Hip hinge exercises are an effective way to work on the stability and strength of the core muscles. These exercises are basic movements that involve bending at your hip joints and moving your glutes back while maintaining a stable spine position.
Why Should You Practice Hip Hinge Exercises?
Regular practice of these exercises not only offers a fundamental movement for the core, but they also target the hips and the surrounding muscles and mobilize the thoracic spine as well.
From targeting the core and hips to working on the lower back, hamstrings, and glutes, a hinge workout can help keep your body upright and injury free. Additionally, these exercises can help you build muscles, boost your vertical jump, enhance your power, and ease lower back pain as well.
To help you get started, we’ve listed below a few of the most effective hinge movements that are sure to provide you with amazing benefits.
5 Best Hip Hinge Exercises to Practice
Practicing these hip hinge exercises regularly will offer you an incredible workout session by targeting your core and other major muscles.
1. Barbell deadlift
Barbell deadlift is one of the topmost hinge exercises that is excellent for developing massive muscles along the entire posterior chain. This exercise boosts strength and improves athletic performance as well.
To do this exercise:
- Stand straight, facing a barbell with your feet at a shoulder-width distance.
- Now, hinge at your waist and grab the barbell outside your knees. Make sure to keep your arms locked the entire time.

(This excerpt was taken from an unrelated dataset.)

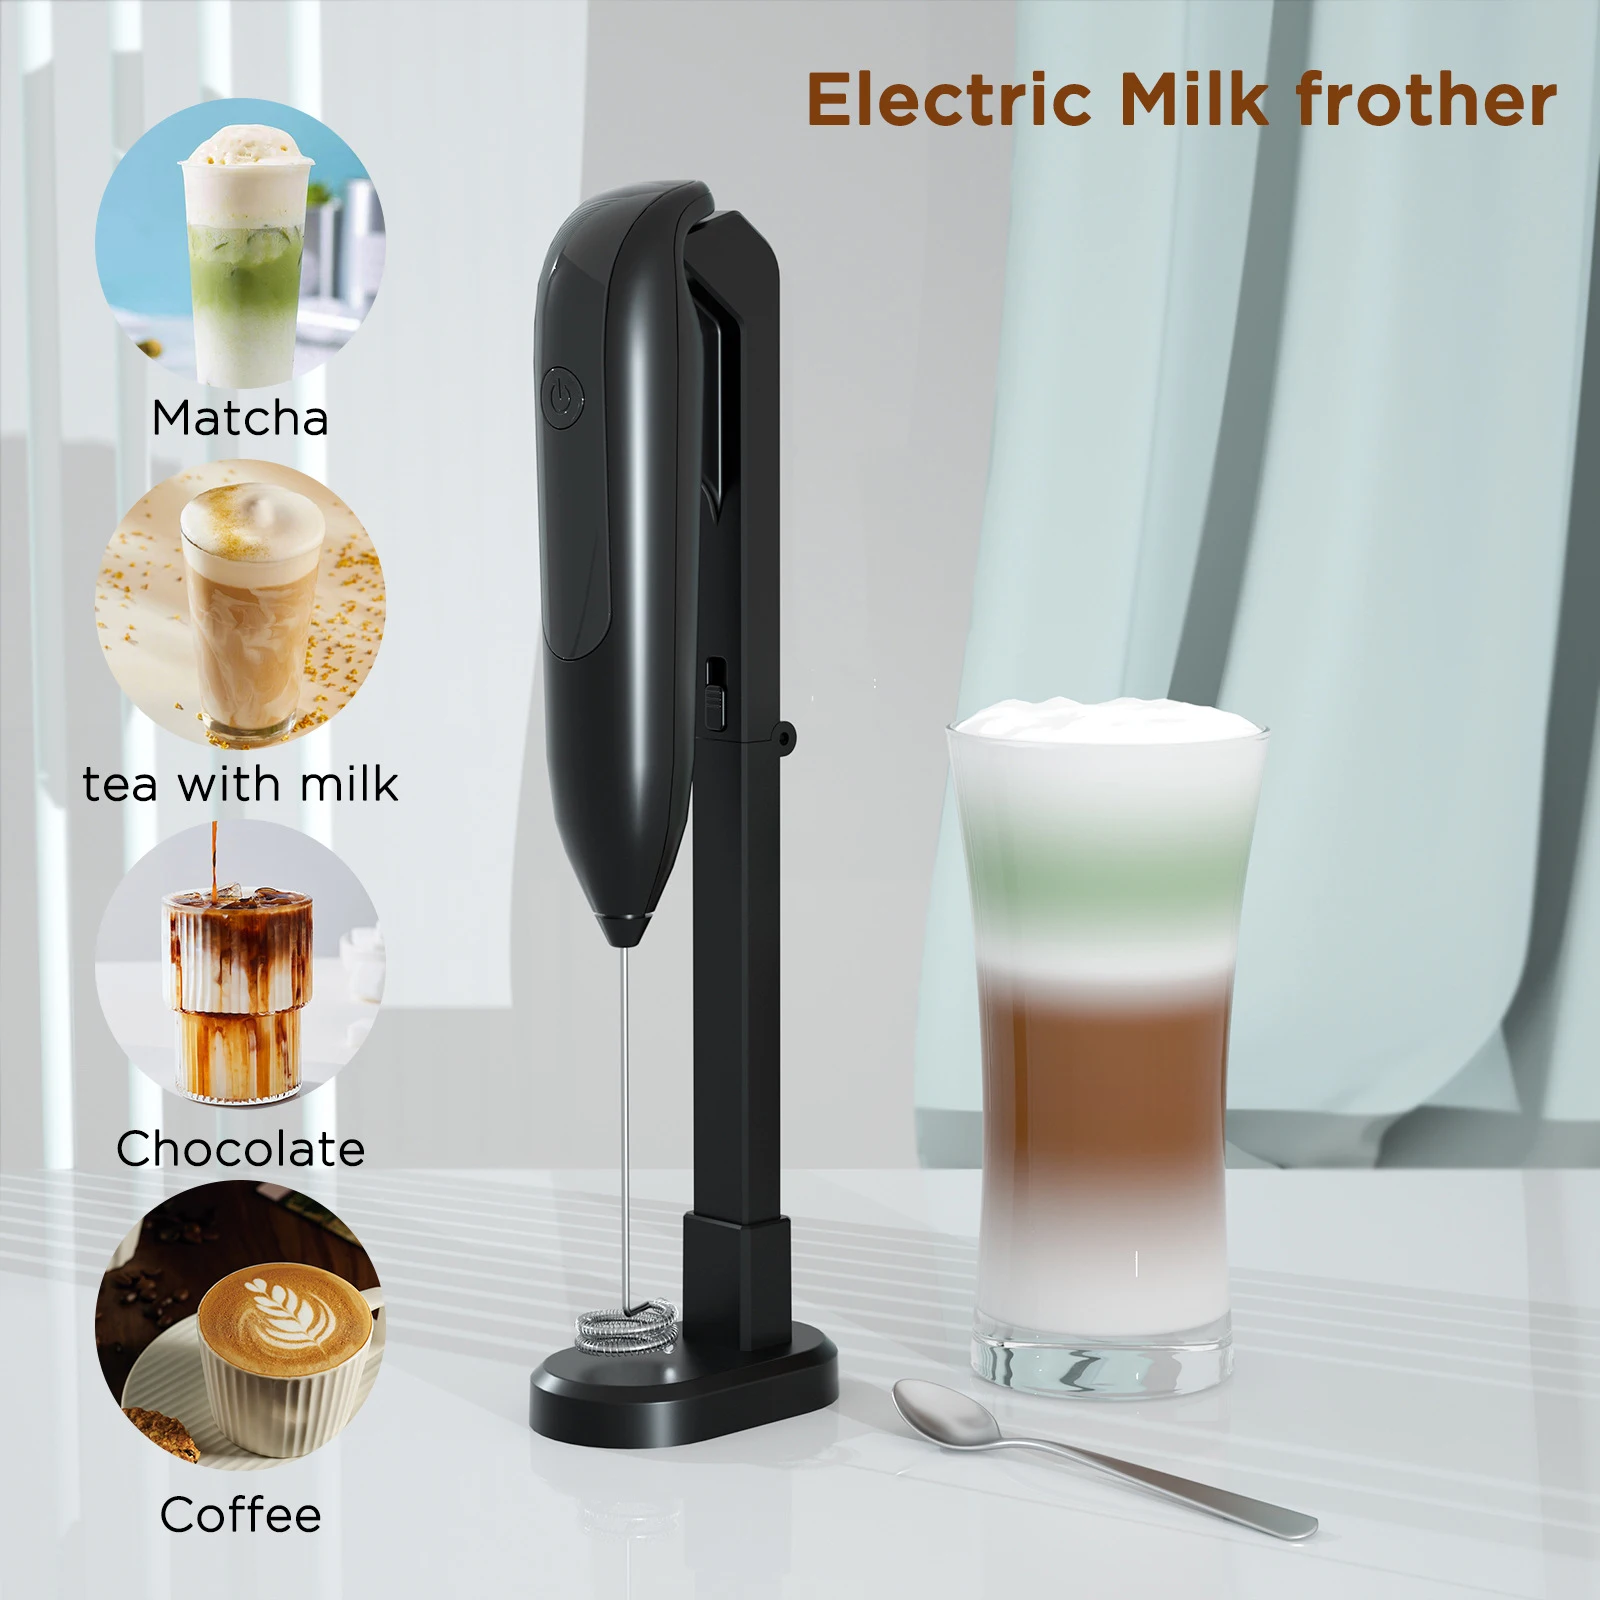 

1PC Handheld Electric Milk Frother Egg Beater Maker Kitchen Drink Foamer Mixer Coffee Creamer Whisk Frothy Stirring Tools

- Maintain a neutral spine and engage your hamstrings as you pull the barbell off the floor by extending your hips and knees.
- Once the barbell gets above your knees, push your hips forward and complete the movement.
- Lower the barbell down and repeat.
2. Barbell hip thrust
The barbell hip thrust is arguably one of the most effective hinge movements to strengthen the glutes. The movement also targets and stabilizes the core muscles.
To do this exercise:
- Sit in front of a bench and rest your upper back against the bench with a barbell across your thighs.
- Hold the barbell tightly, position your feet at shoulder width and keep your knees bent at a 90-degree angle.
- Now, push your hips towards the ceiling while engaging your glutes at the top of the movement.
- Lift your hips as high as possible, and at full extension, lower your hips down.
3. Kettlebell swing
The kettlebell swing is one of the most popular hinge exercises that help build strength in your posterior chain muscles while also working on your glutes. This exercise is an excellent way to add mass to your glutes.
To do this exercise:
- Stand upright with your feet slightly wider than shoulder width and hold a kettlebell with both hands between your legs.
- Hinge at your waist slightly and bend your knees as you swing the kettlebell between your legs.
- Simultaneously push your hips to the front as you swing the kettlebell straight in front of you.
- Continue.
4. Cable pull through
The cable pull through is a great hinge movement that targets the glutes and also helps stabilize your midsection.
To do this exercise:
- Attach a rope to a low pulley cable station and stand straight facing away from the machine.
- Reach down and hold the ends of the rope in each hand, and make sure the rope is in between your legs.
- Now, hinge and bend your knees to lower your torso at a 45-degree angle.
- From there, drive your hips forward, and then raise your torso straight to a standing position.
- Lower the rope by reversing the movement.
5. Barbell good morning
The barbell good morning is among the most productive compound hinge exercises that target the hamstrings, glutes, core, and other major lower body muscles all at once.
To do this exercise:
- Place a barbell across your upper back and stand with your feet slightly wider than your shoulder width.
- Grab the barbell with your hands outside your shoulder muscles.
- Now, squeeze your shoulder blades together and bend your knees as you hinge forward at your hips.
- As you hinge, push your glutes and hips back, and make sure that your spine is in a neutral position.
- Lift your torso and return to the starting position.
When performing these hip hinge exercises, however, follow the correct form and keep your posture upright to avoid serious injury to your lumbar spine and lower back. Aim to perform 8 to 10 reps of each exercise and start slow, especially if you are a beginner.